The fruits of my dermo-adventures so far:

Livia Kova. Self-proclaimed "legend around town" spa near Place Lux. Generally gets good reviews. I wasn't personally in love with its cherub and excess-of-charm aesthetic, but the esthetician did a good job, and the whole experience was comfortable, if not necessarily luxurious. Aggressive attempt to sell product was a slight turn-off at the end. A facial can be had for 87€, which borders on expensive by my standards, depending on the exchange rate.

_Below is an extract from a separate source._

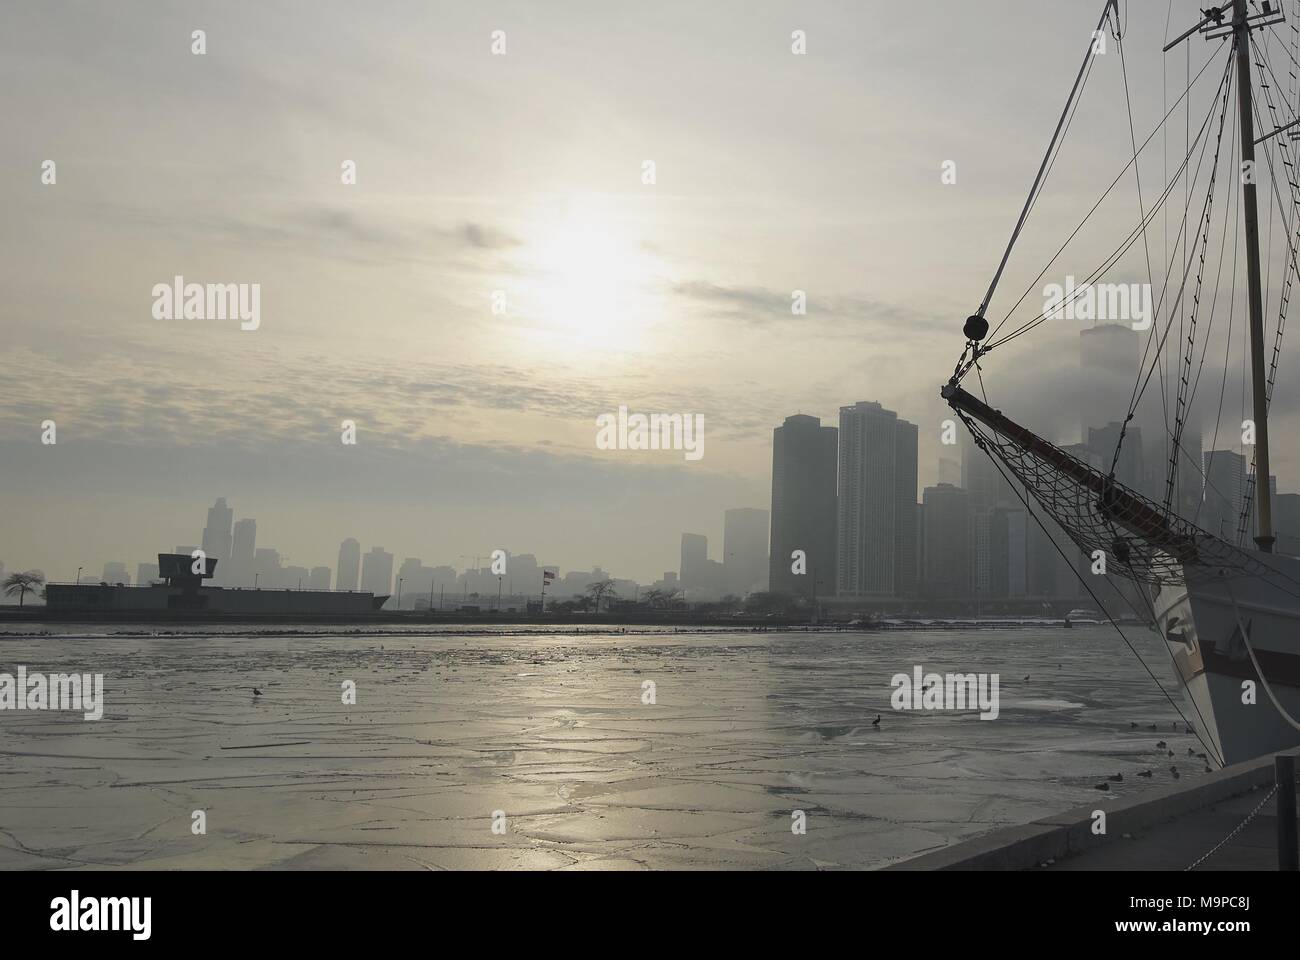 Invierno de Chicago skyline sobre el agua con la ciudad y el horizonte sobre el agua y la silueta del buque mástil en primer plano Foto de stock

Pause Beauté (no web site; 0478 35 95 79). This one was a little more of a gamble. I think I persisted in getting an appointment (not the easiest thing - closed more often than open, returned my call over a day later) simply because it seemed a little difficult. But most importantly, it's around the corner from my apartment in Saint Gilles. Like many things here, the experience was a bit weird and yet enjoyably so. (This is starting to take on a tone I didn't intend.) For one, the esthetician informed me she basically had all the time in the world, just like her family members in Africa. Not sure if that meant business is a little slow. What this did mean was that built into the facial were a number of lengthy massages, some with reflexology. Overall enjoyable experience, clocking in at 2h and 88€. (High eighties seems the going rate.)

If someone were paying me for this, I would also check out Aspria, Espace Beauté, Serendip Spa, and subscription-based Wax Zone Ixelles. Let me know if you have done so already.

P.S. Salon de Shyou and Mario Badescu, you are missed.